Bibliothèque Municipale Stanislas de Nancy

 

 

...Promeneur, s'il t'arrive de porter tes pas sur la digue du canal qui s’étend entre l'écluse de Clévent et la Moselle, et qu'ombragent plusieurs rangées d'ormes bientôt centenaires, arrête-toi à l'endroit un peu sauvage où la Meurthe, sœur rivale de la Moselle, semble, foncer sur cette digue, pour la longer aussitôt, en glissant contre sa base.
...Si tu as choisi pour ta promenade l'heure où le soleil, sur la fin de sa course, finit dans le lointain, et l'époque de l'année où les fraîcheurs des nuits commencent à mettre de l'or sur les feuilles des grands peupliers qui bordent l'autre rive, prête une oreille attentive à la rumeur confuse qui s'élève des remous du tournant de la rivière.

...Que dit cette rumeur ?
...Fais ce que j’ai fait moi-même, et tu l'apprendras.

...Commence par t'assurer de la solitude des lieux afin de chasser de ton esprit toute idée de mystification, puis descends à travers les buissons, en bas de la digue ; là, tu prendras à deux mains la branche solide d'un saule dont les racines trempent dans la rivière.

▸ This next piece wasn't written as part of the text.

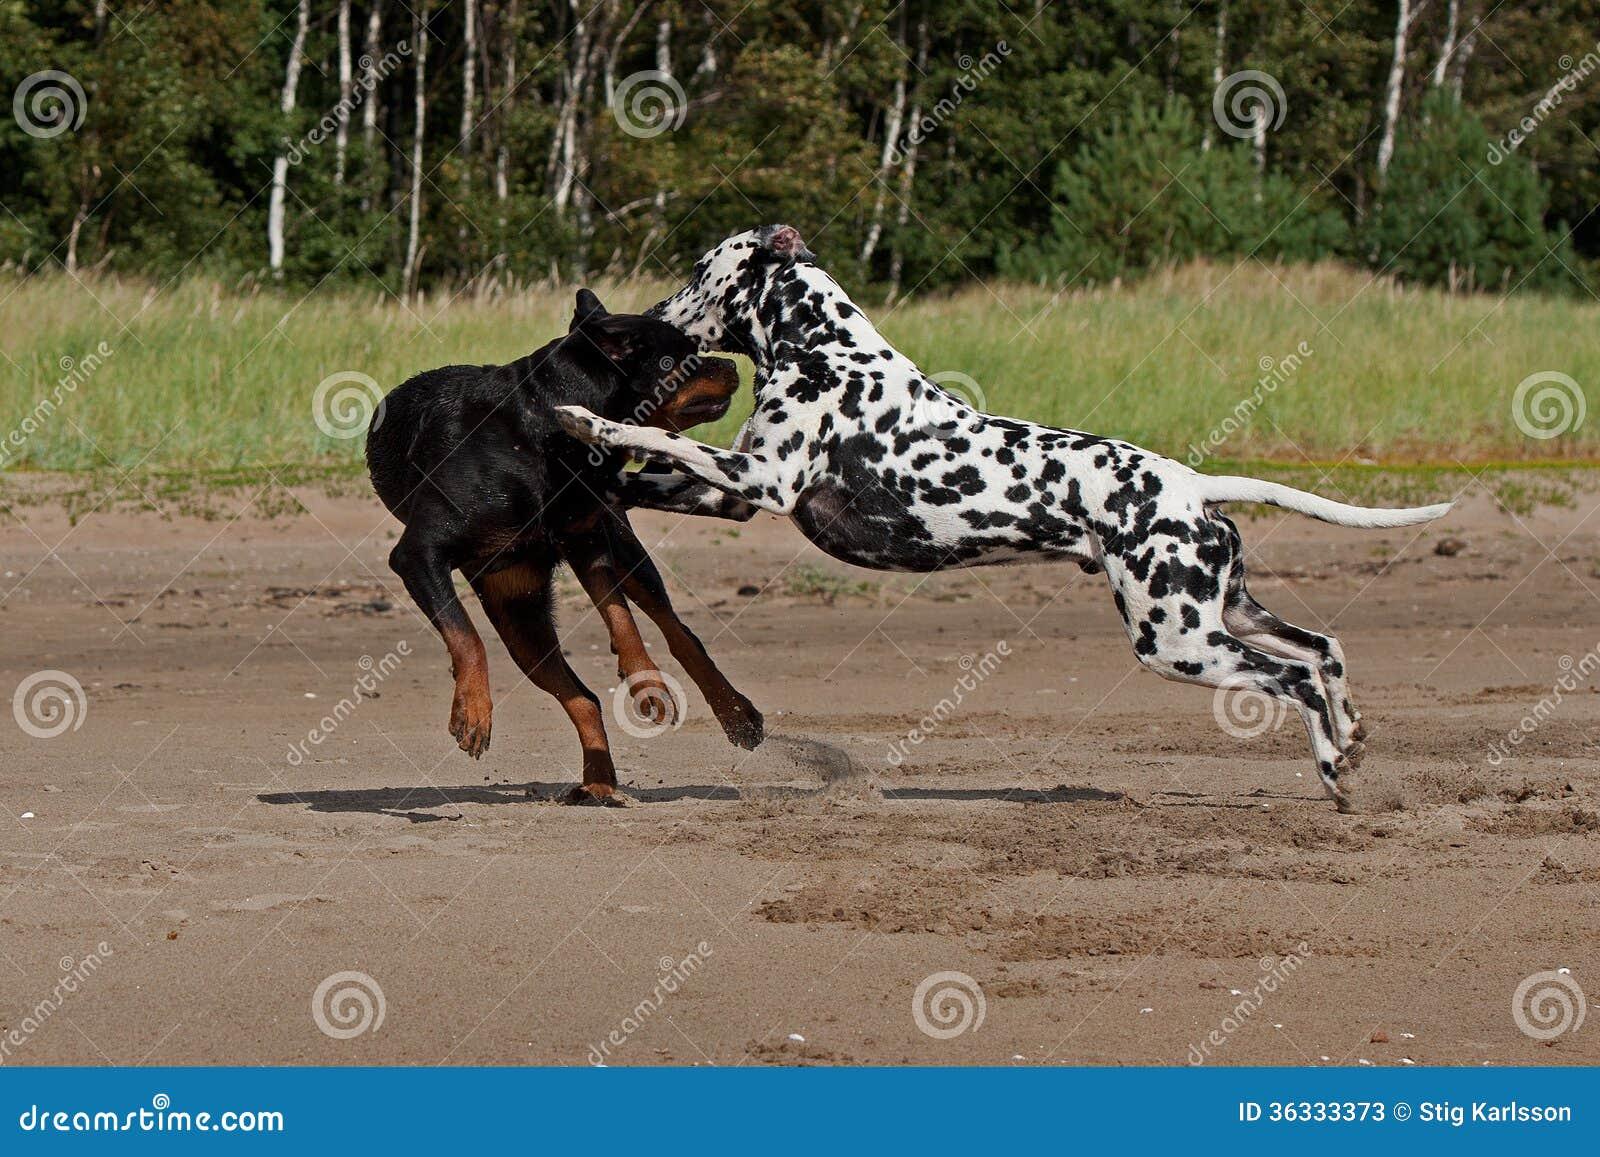 Pitbull Dog Fight Free Videos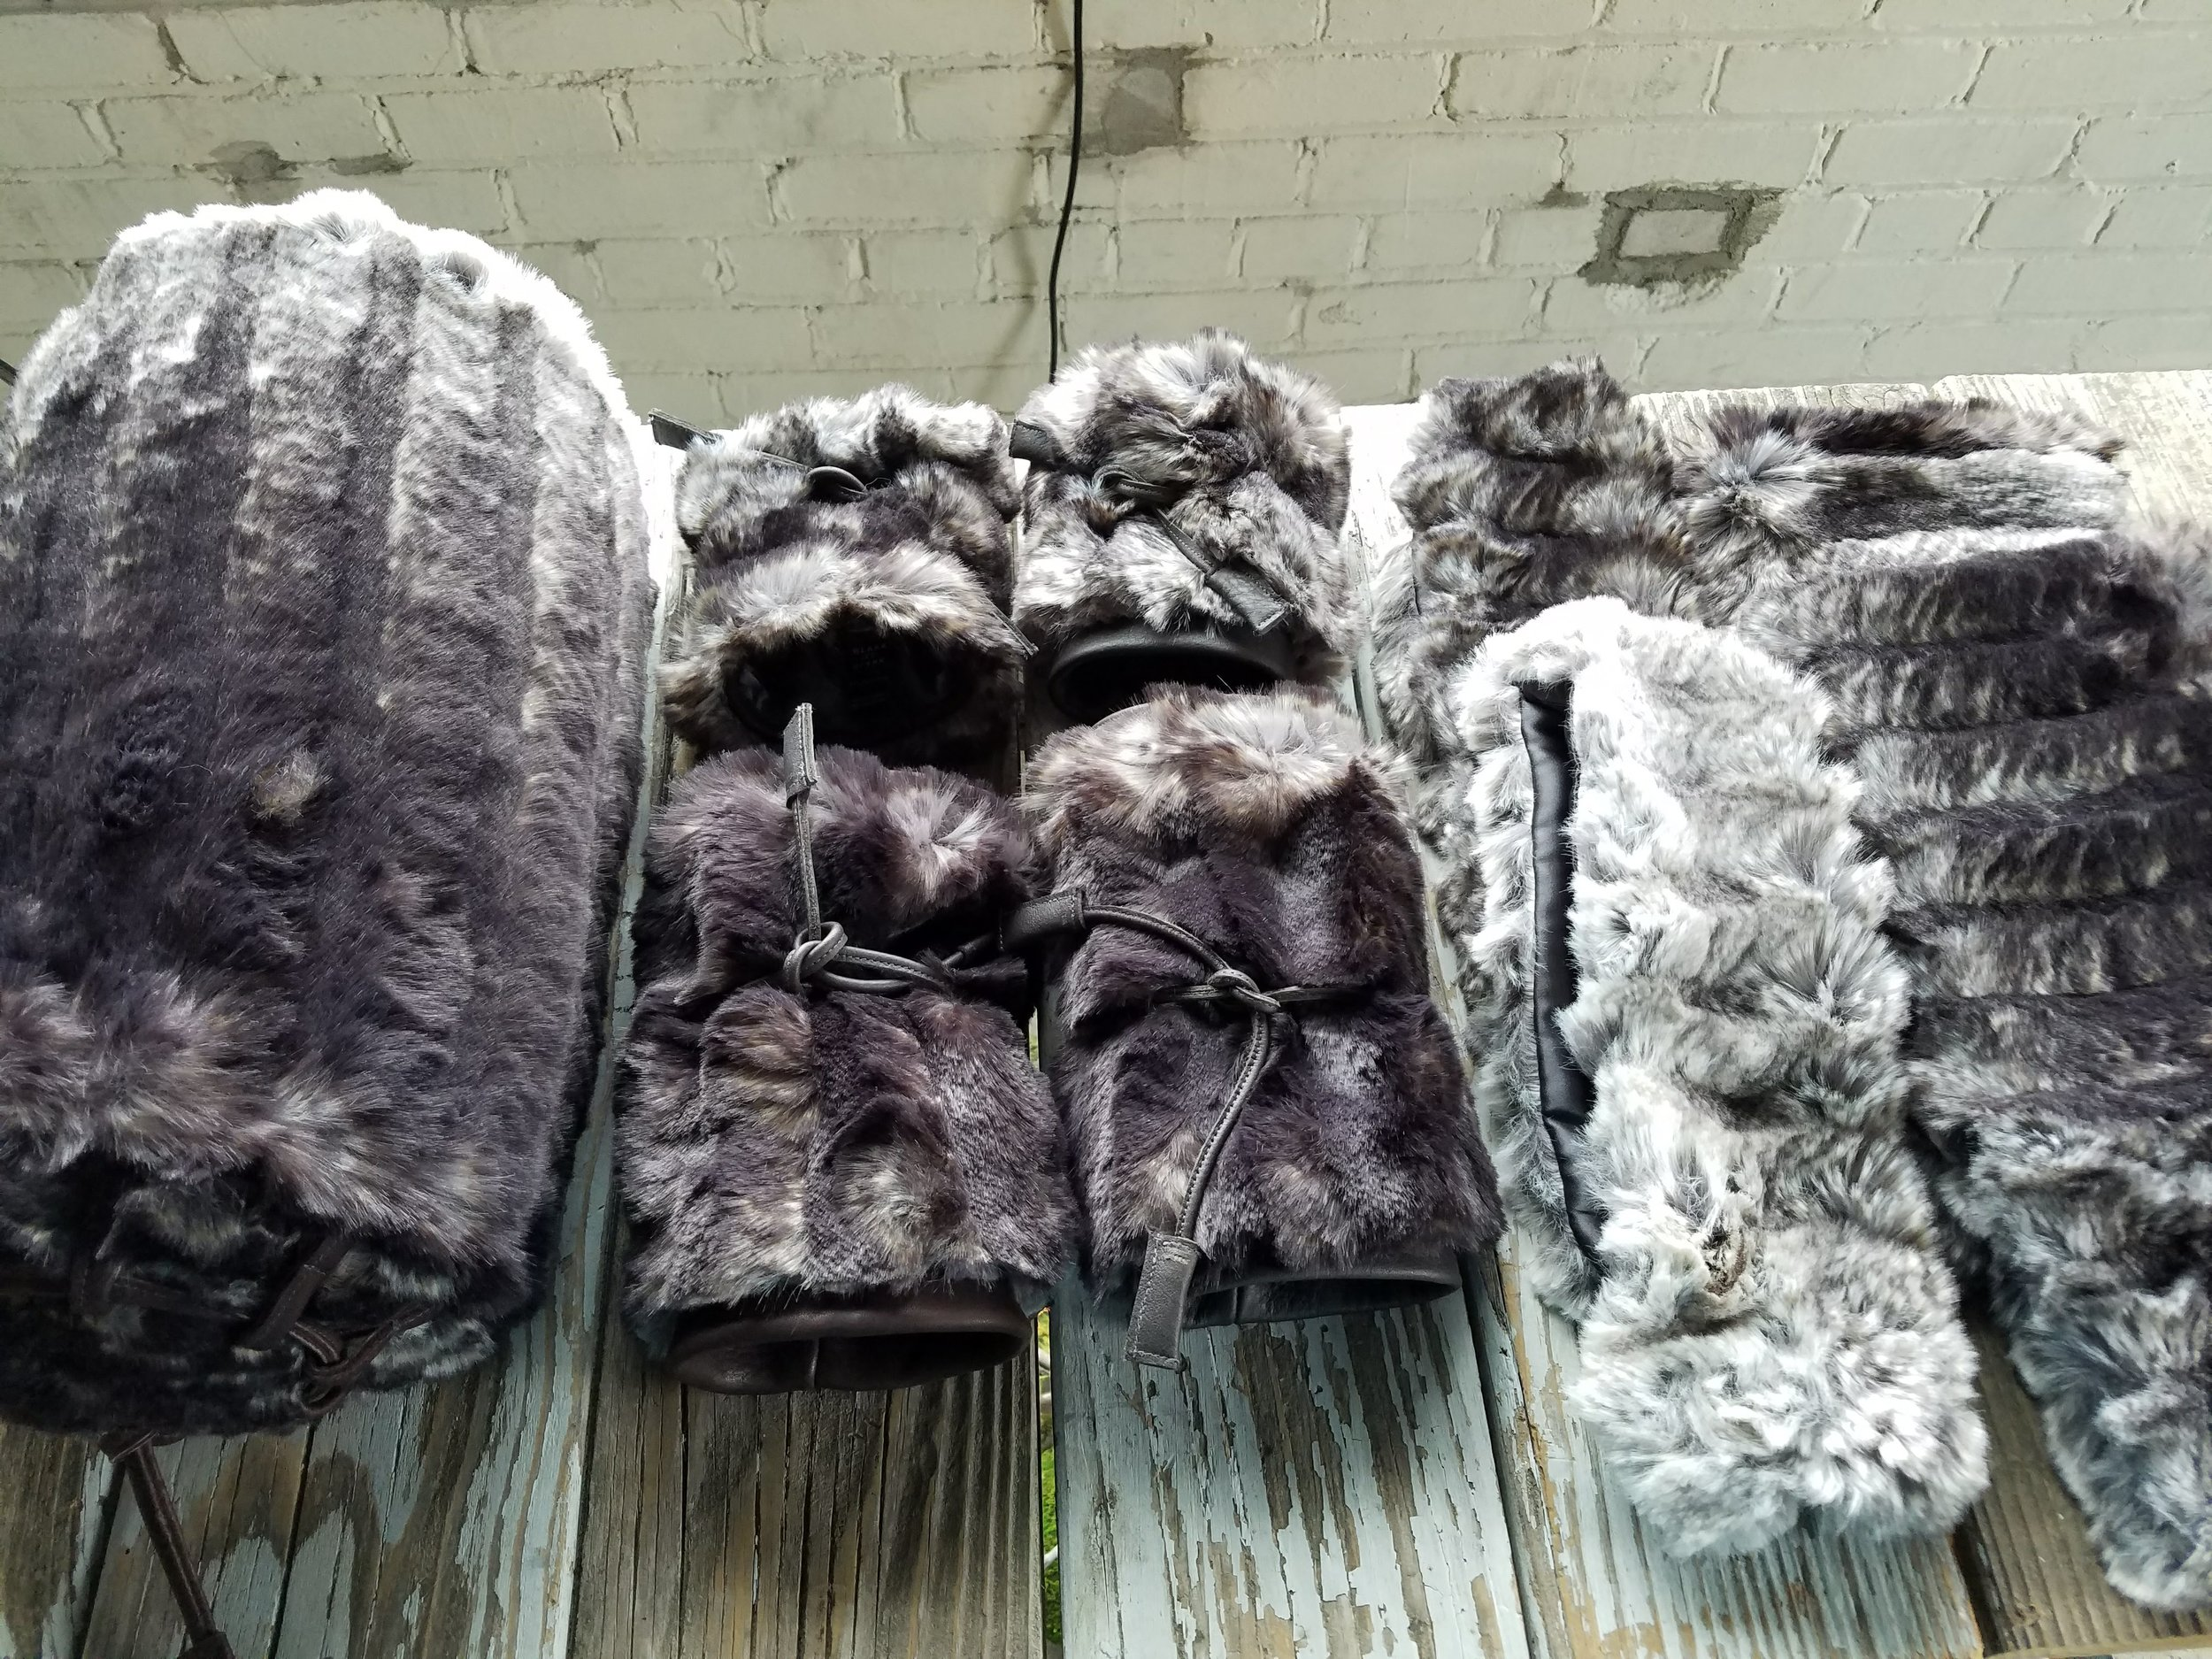 Warm and stylish looks from BLANK ITTI BLANK; pillows, fur cuffs, head wrap, muffs.

En t'arc-boutant à cette branche ; penche-toi au-dessus des eaux : la teinte sinistre que leur donne le crépuscule, et la voix plaintive qui s'élève du fond de la rivière et que t'apporte le tourbillon, te feront peut-être connaître le frisson de l’effroi ; mais raffermis ton courage, écoute, et tu entendras cette supplication :

...« Norbert ! miséricorde »

...Tes cheveux, se dresseront peut-être sur la tête et une sueur froide te coulera sur le front.
...Ne te livre pas au délire de l'épouvante : raidis-toi sur la branche qui te supporte, remonte la berge de la digue, et, à ton retour à la maison, garde pour toi le secret que tu viens de surprendre, car ton entourage ne manquerait de dire que tu as cessé d'être un homme raisonnable, malgré le témoignage que je t'apporterais.
...... De ces voix mystérieuses, que font entendre en cet endroit les eaux de la Meurthe, voici ce que j'appris dans une de ces vieilles familles de la localité, comme on en rencontre dans tous les villages, où la tradition se transmet de bouche en bouche, et au foyer de laquelle je me suis assis un soir d’hiver, alors que, la grand mère disait à ses petits-enfants rangés autour d'elle :

...Il y a un bien grand longtemps de cela, le seigneur de Frouard qu'on appelait Enguerrand de Malmont, avait eu, en garde son neveu, fils d'un frère qui le lui avait confié quand, il partit dans les Flandres, pour y faire la guerre, servant dans les armées du roi de France. Au pays lointain, le sort lui fût contraire, il trouva la mort, en combattant pour son prince.
...La mère étant morte quelques années auparavant, si l'enfant n'eût été là, Enguerrand héritait sans partage de la seigneurie de Frouard, avec ses grands bois et ses verdoyantes prairies qu’arrosent deux belles rivières.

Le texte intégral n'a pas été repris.